======== DATASET CONTENT ========
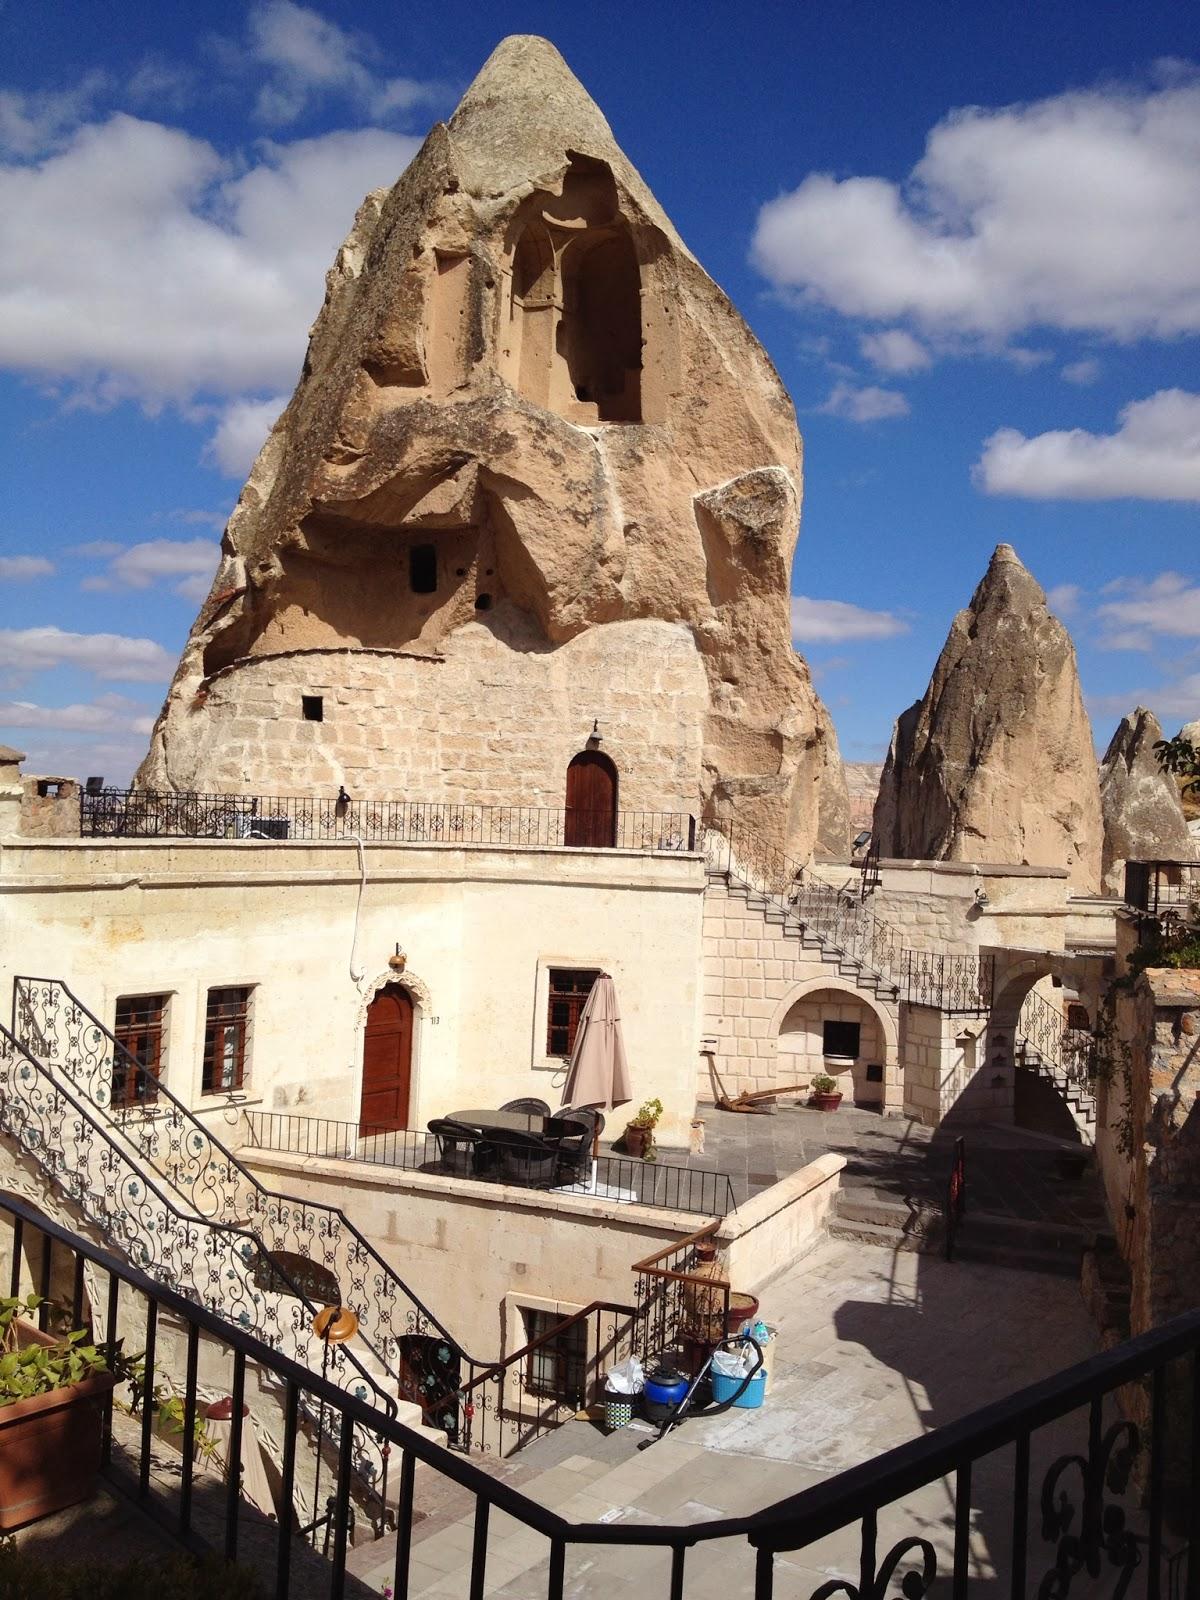 Cappadocia - The grounds of Cappadocia Cave Suites
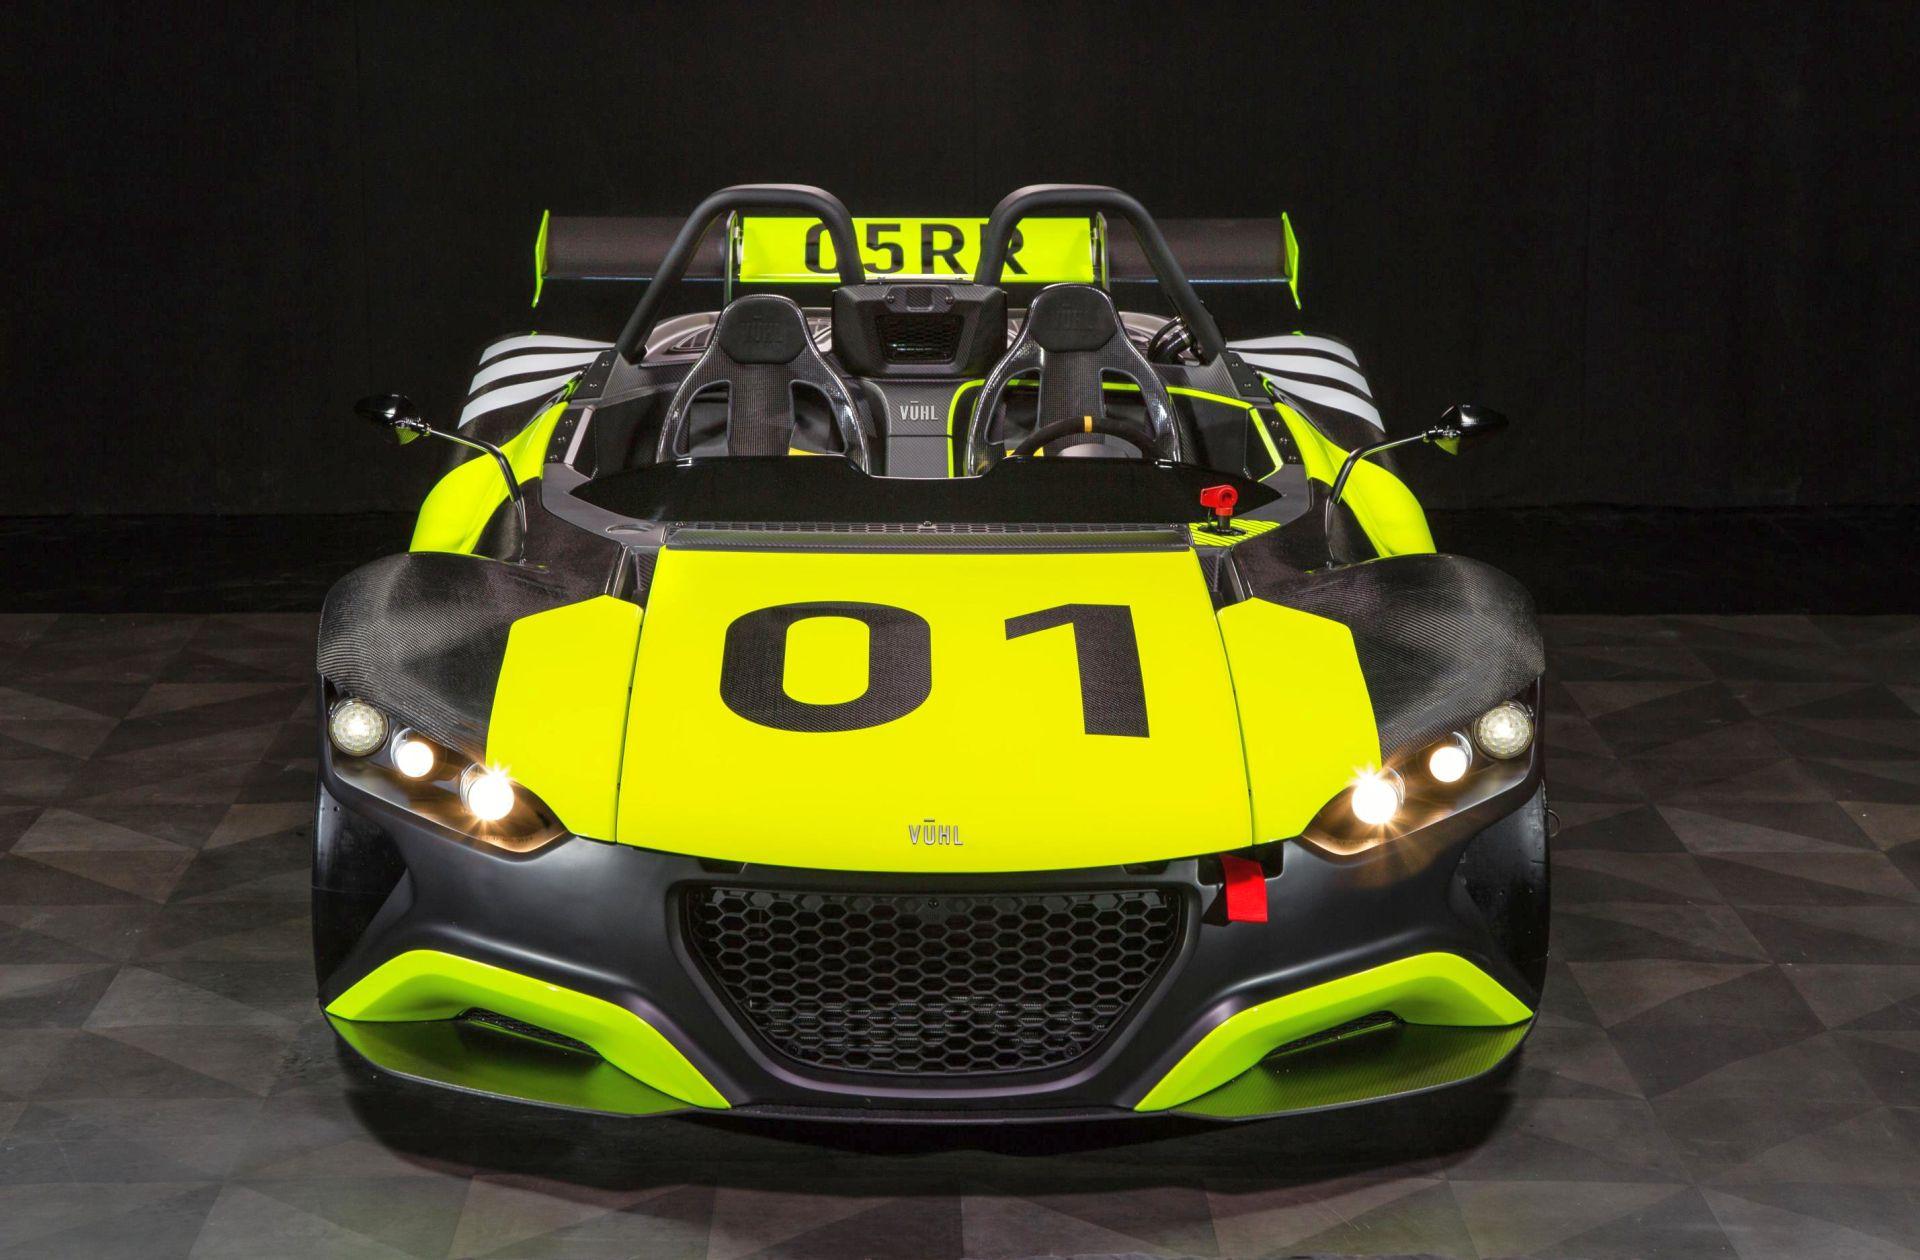 Vuhl 05RR a debutat la Cursa Campionilor | Știri | AUTO BILD
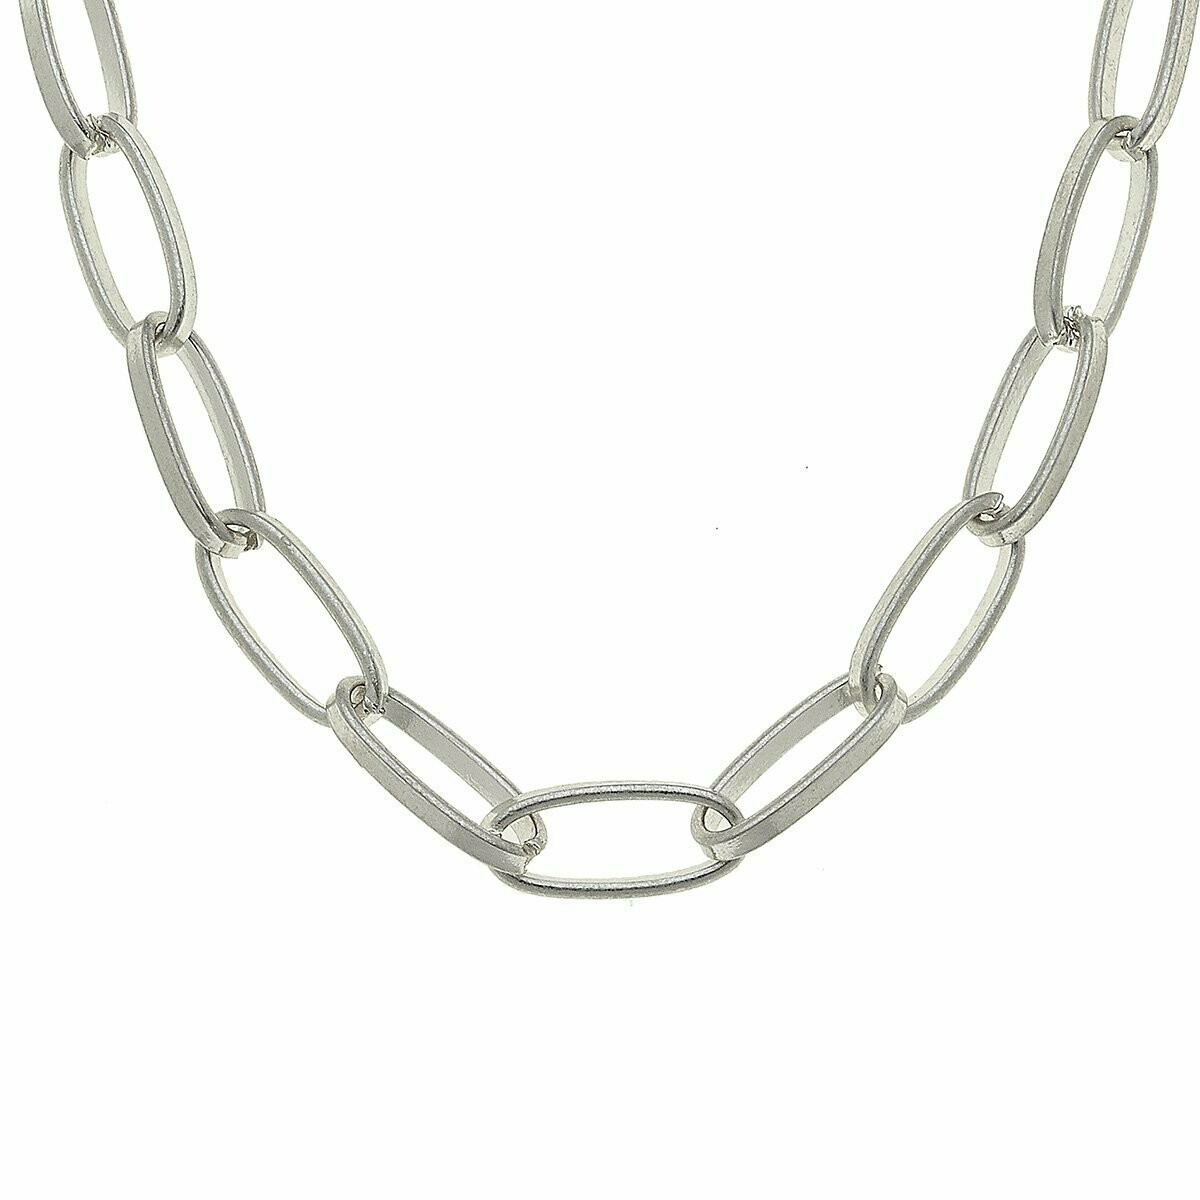 Jolie Chain Necklace In Worn Silver
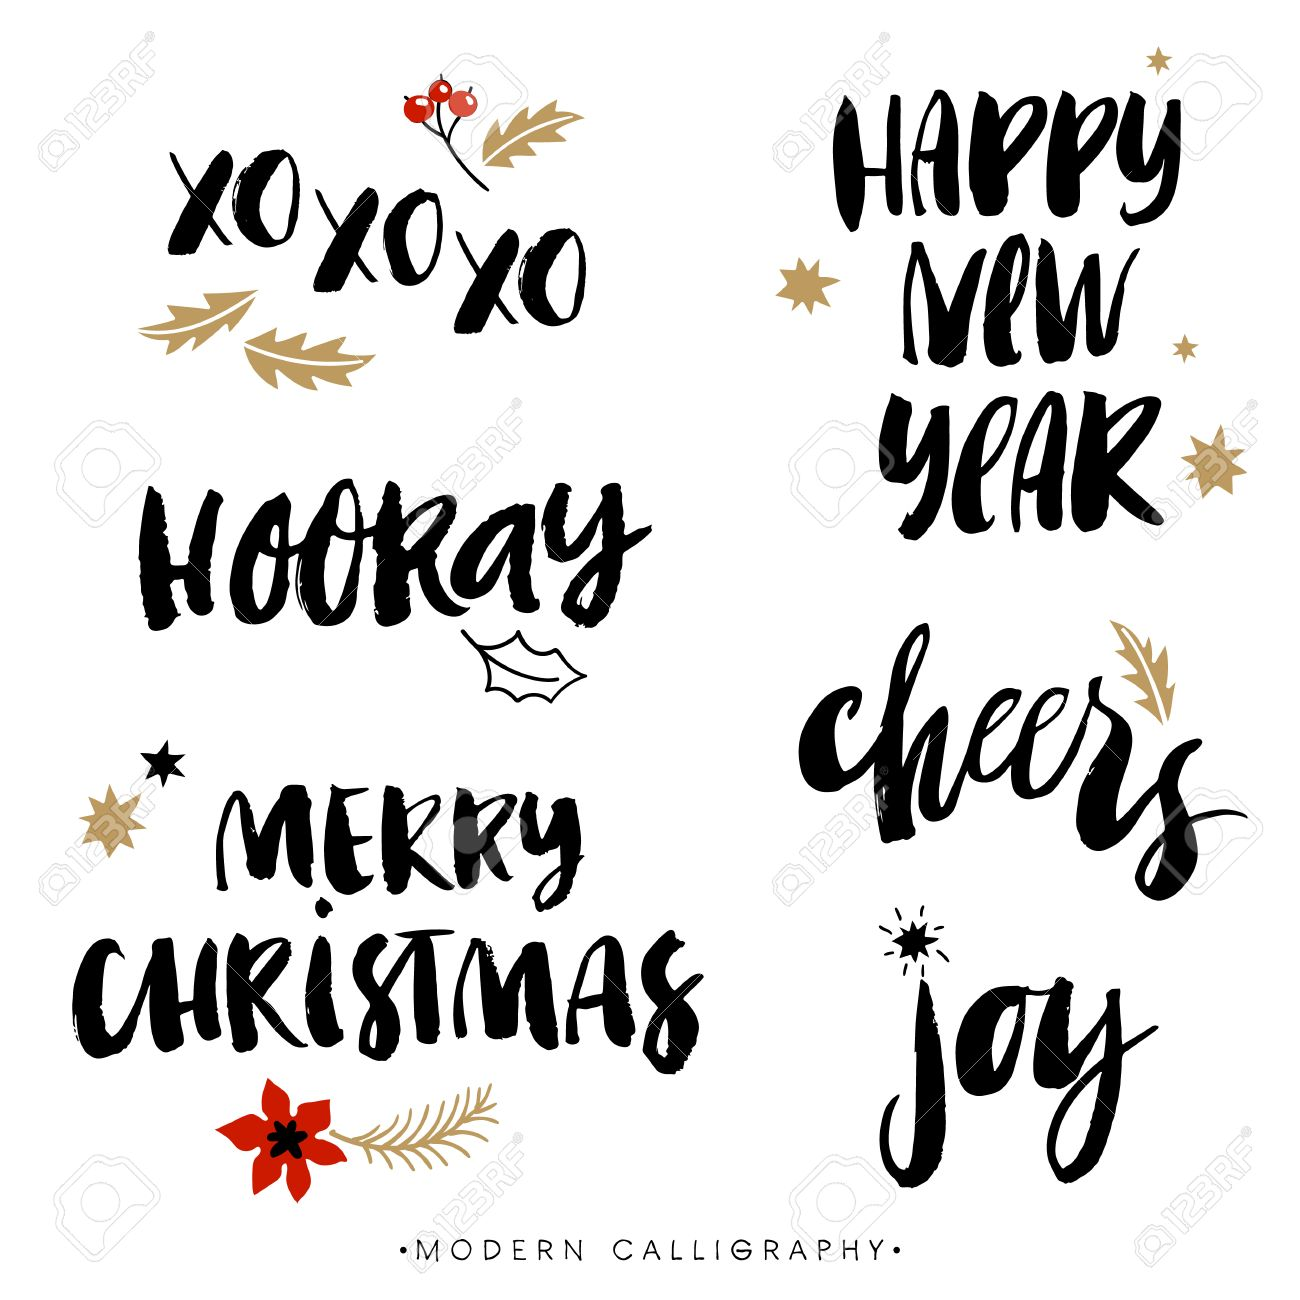 Christmas calligraphy phrases. XOXO. Happy New Year. Merry Christmas. Hooray. Cheers. Joy. Handwritten modern brush lettering. Hand drawn design elements. - 47968960
========
EXERCISE:
Set the listing down verbatim, excluding pictures.

SOLUTION FOR THIS TASK:
 Cappadocia - The grounds of Cappadocia Cave Suites
 Vuhl 05RR a debutat la Cursa Campionilor | Știri | AUTO BILD
 Jolie Chain Necklace In Worn Silver
 Christmas calligraphy phrases. XOXO. Happy New Year. Merry Christmas. Hooray. Cheers. Joy. Handwritten modern brush lettering. Hand drawn design elements. - 47968960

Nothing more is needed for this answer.